Start of DATA

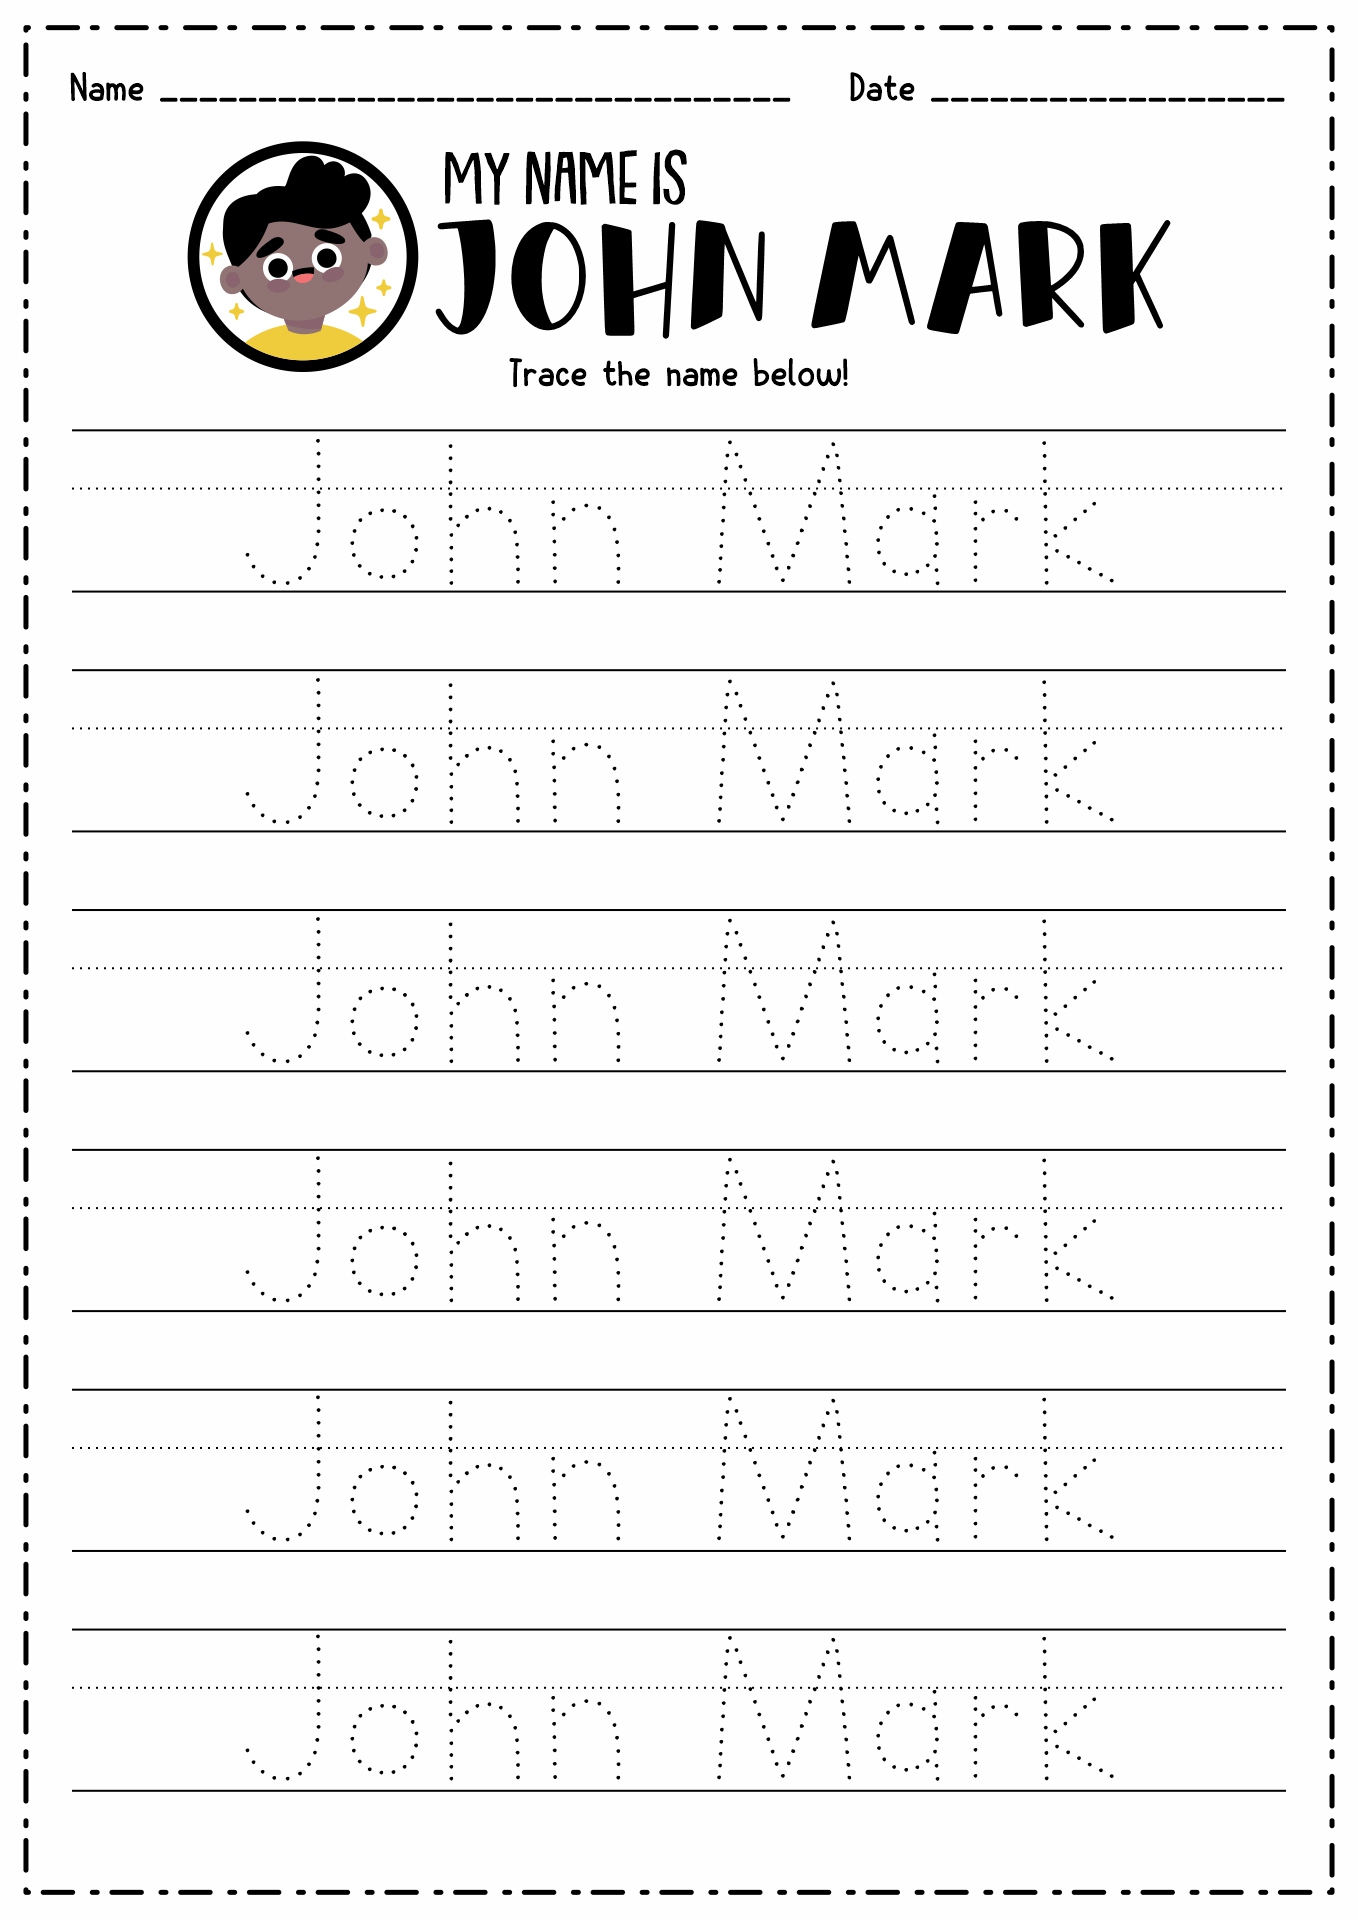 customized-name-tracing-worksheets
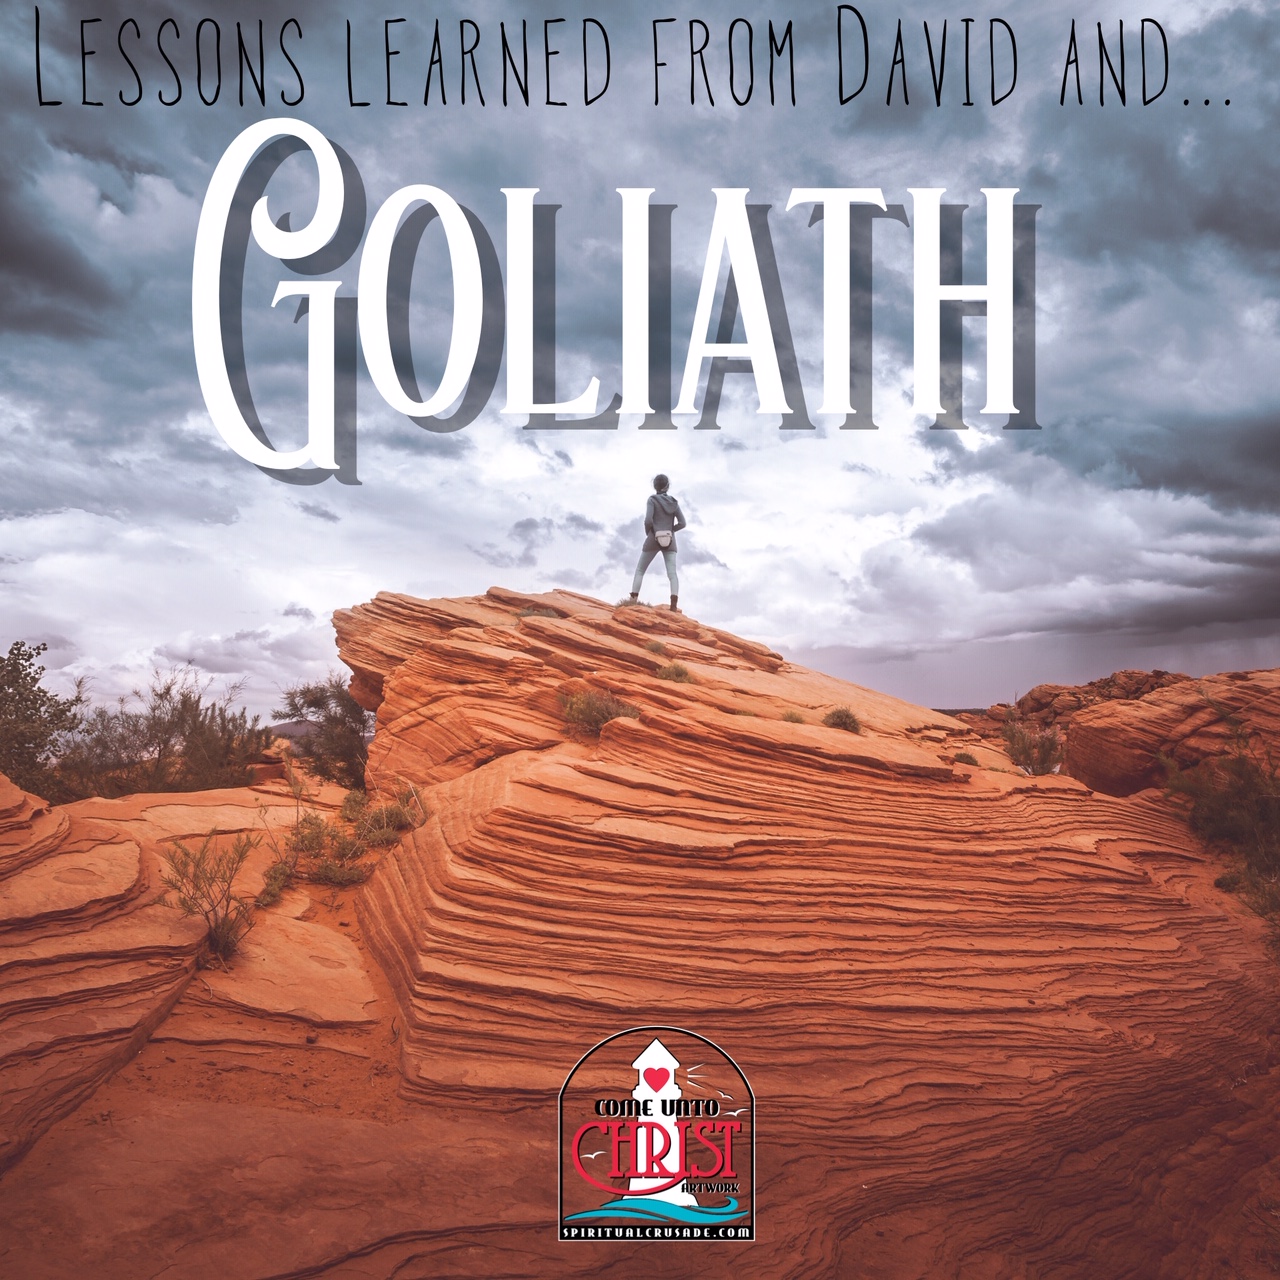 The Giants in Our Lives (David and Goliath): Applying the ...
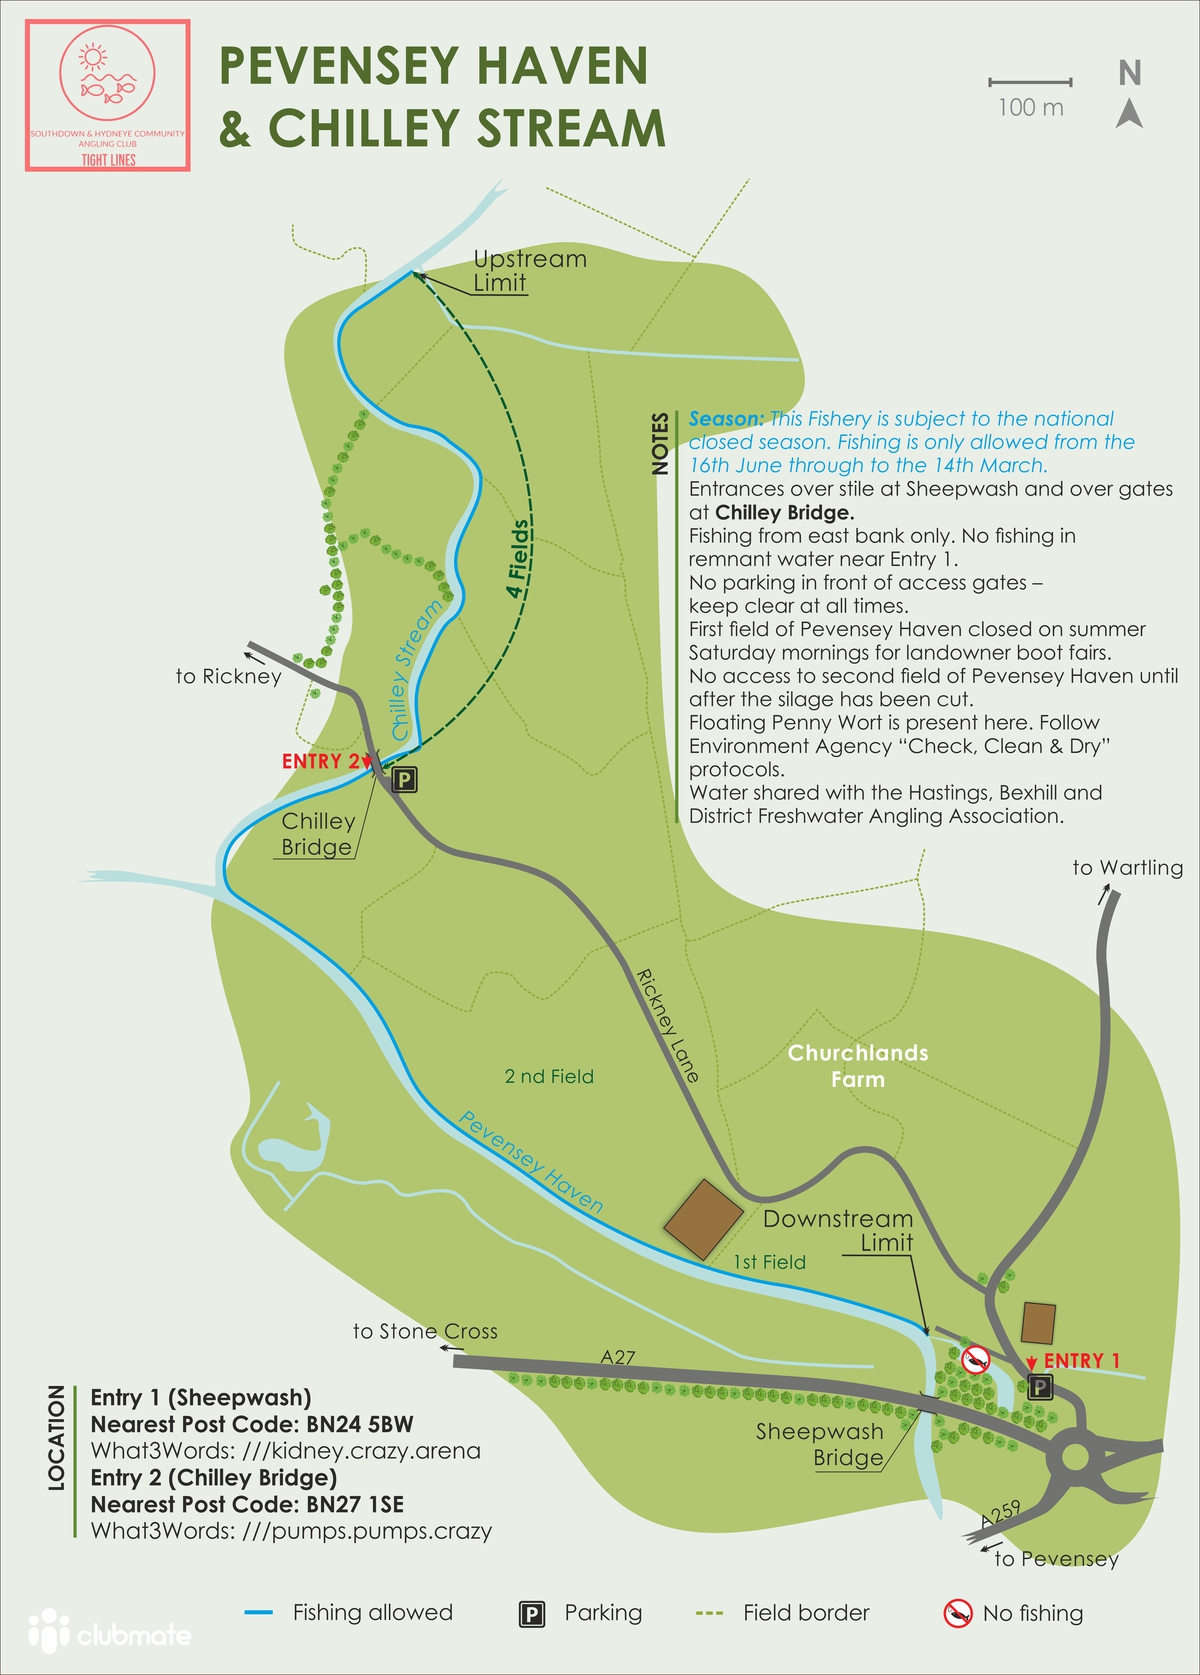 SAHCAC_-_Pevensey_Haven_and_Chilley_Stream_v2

End of DATA

REQUIRED WORK:
Transcribe the data completely. No pictures should appear in the transcription.

WRITTEN RESPONSE:
 customized-name-tracing-worksheets
 The Giants in Our Lives (David and Goliath): Applying the ...
 SAHCAC_-_Pevensey_Haven_and_Chilley_Stream_v2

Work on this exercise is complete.